A 1.40 kg skateboard is coasting along the pavement at a speed of 5.5 m/s when a 0.800 kg cat drops from a tree vertically downward onto the skateboard. What is the speed of the skateboard-cat combination.
momentum is conserved.
in the direction of movement
1.4*5.5+.8*0= (1.4+.8)V
solve for V
3.26
To find the speed of the skateboard-cat combination after the cat drops onto the skateboard, we'll apply the law of conservation of momentum.
The law of conservation of momentum states that the total momentum of an isolated system remains constant if no external forces act on it.
In this case, the initial momentum of the skateboard is equal to the final momentum of the skateboard-cat combination.
The momentum (p) is calculated as the product of an object's mass (m) and its velocity (v):
p = m * v
Let's denote the initial velocity of the skateboard as v1 and the final velocity of the skateboard-cat combination as v2.
The initial momentum of the skateboard is given by:
p1 = m1 * v1
The final momentum of the skateboard-cat combination is:
p2 = (m1 + m2) * v2, where m1 is the mass of the skateboard (1.40 kg) and m2 is the mass of the cat (0.800 kg).
Using the law of conservation of momentum, we can set the initial momentum equal to the final momentum:
m1 * v1 = (m1 + m2) * v2
Now, we can solve for v2, which represents the speed of the skateboard-cat combination.

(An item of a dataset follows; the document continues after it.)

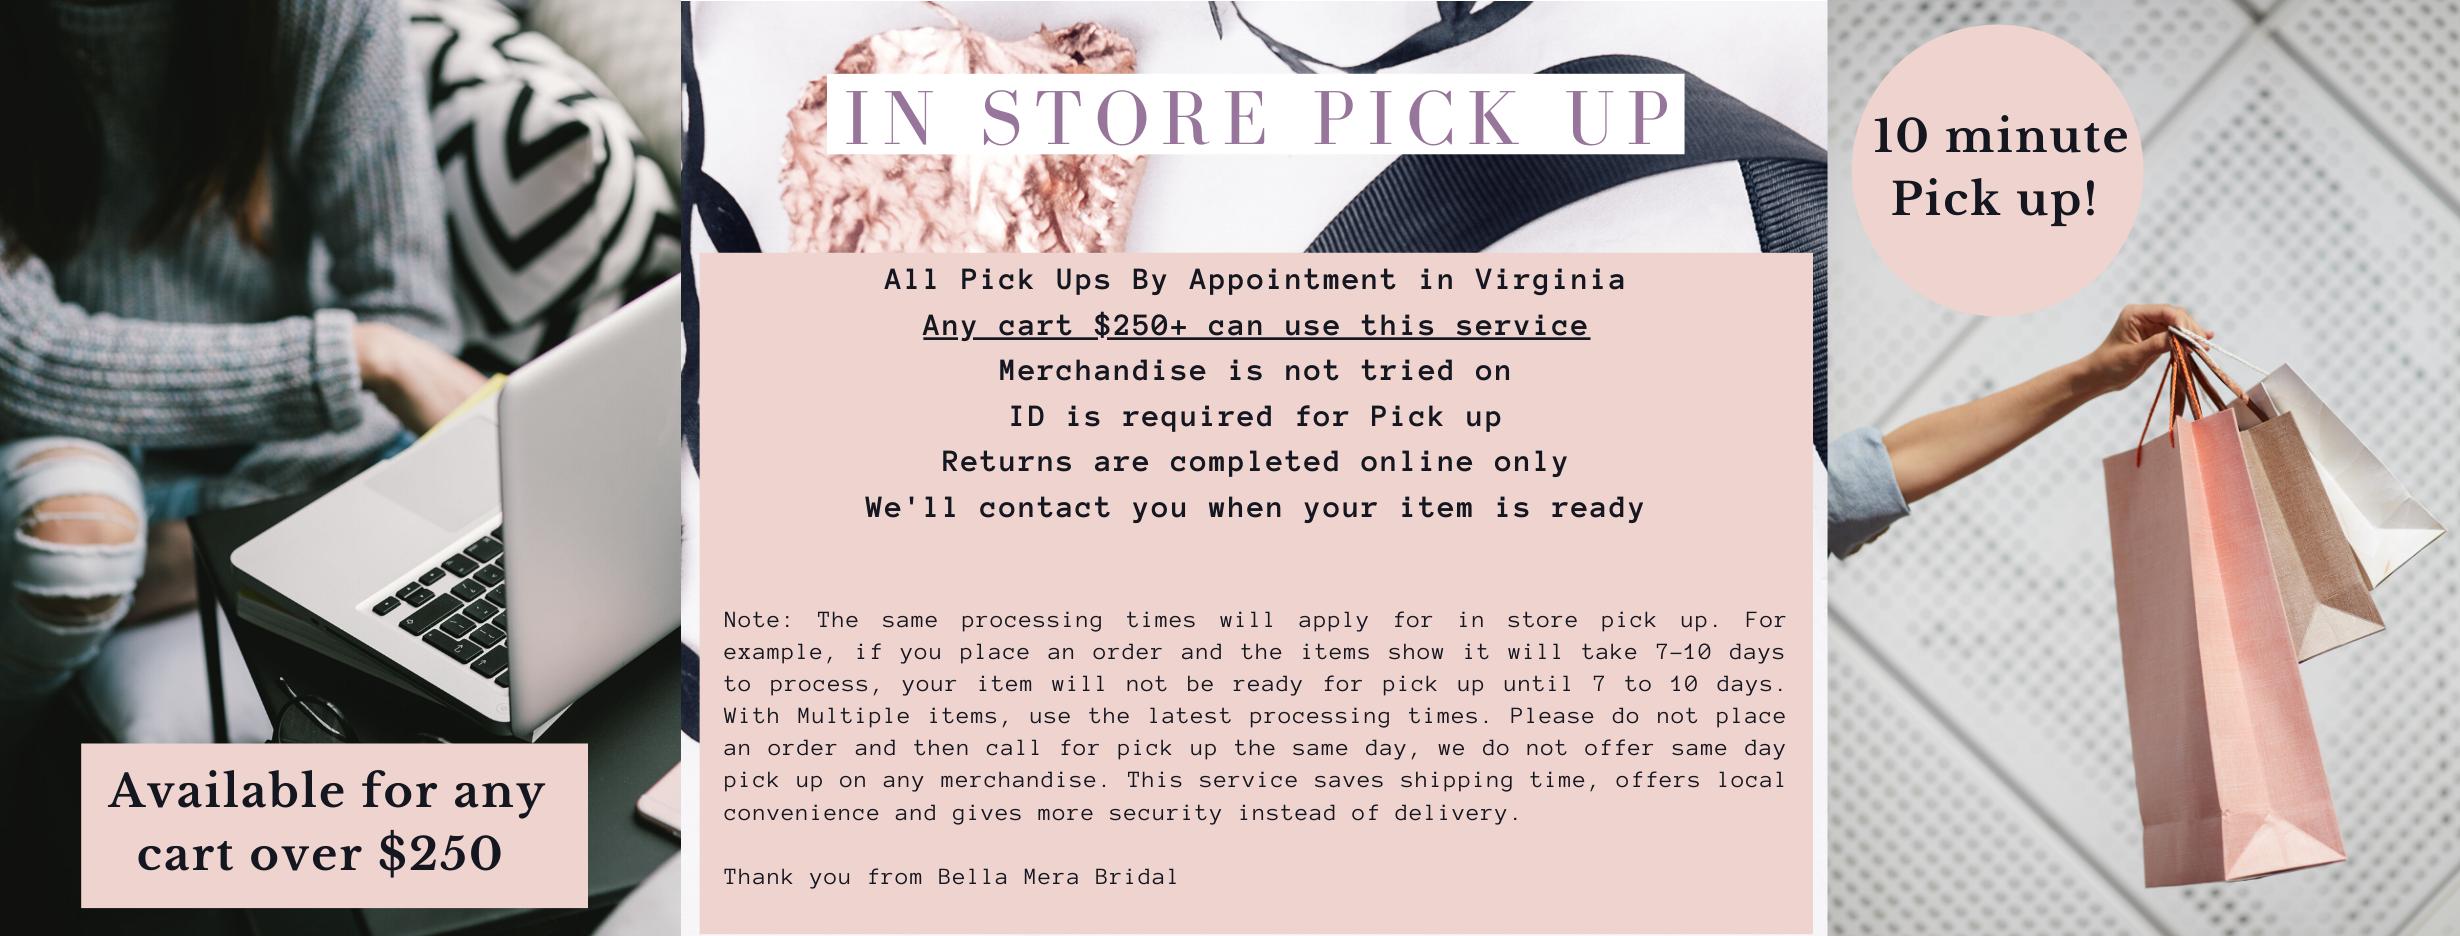 in-store-pick-up-bella-mera.png

v2 = (m1 * v1) / (m1 + m2)
Plugging in the given values:
v2 = (1.40 kg * 5.5 m/s) / (1.40 kg + 0.800 kg)
Calculating this expression will give us the speed of the skateboard-cat combination.
To find the speed of the skateboard-cat combination, we can use the principle of conservation of momentum. The total momentum before the cat drops onto the skateboard is equal to the total momentum after the cat drops onto the skateboard.
The momentum of an object is calculated by multiplying its mass by its velocity.
Let's denote the initial velocity of the skateboard as v1, the mass of the skateboard as m1, the final velocity of the skateboard-cat combination as v2, and the mass of the cat as m2.
According to the conservation of momentum, the initial momentum is equal to the final momentum:
(m1 * v1) + (m2 * 0) = (m1 * v2) + (m2 * v2)
Since the cat drops vertically downward, its initial velocity is 0 m/s. Therefore, the equation becomes:
(m1 * v1) = (m1 * v2) + (m2 * v2)
Now, we can substitute the values given in the problem:
(1.40 kg * 5.5 m/s) = (1.40 kg * v2) + (0.800 kg * v2)
Simplifying the equation, we get:
7.70 kg m/s = (2.20 kg * v2)
Dividing both sides of the equation by 2.20 kg, we find:
v2 = (7.70 kg m/s) / 2.20 kg
v2 ≈ 3.50 m/s
Therefore, the speed of the skateboard-cat combination is approximately 3.50 m/s.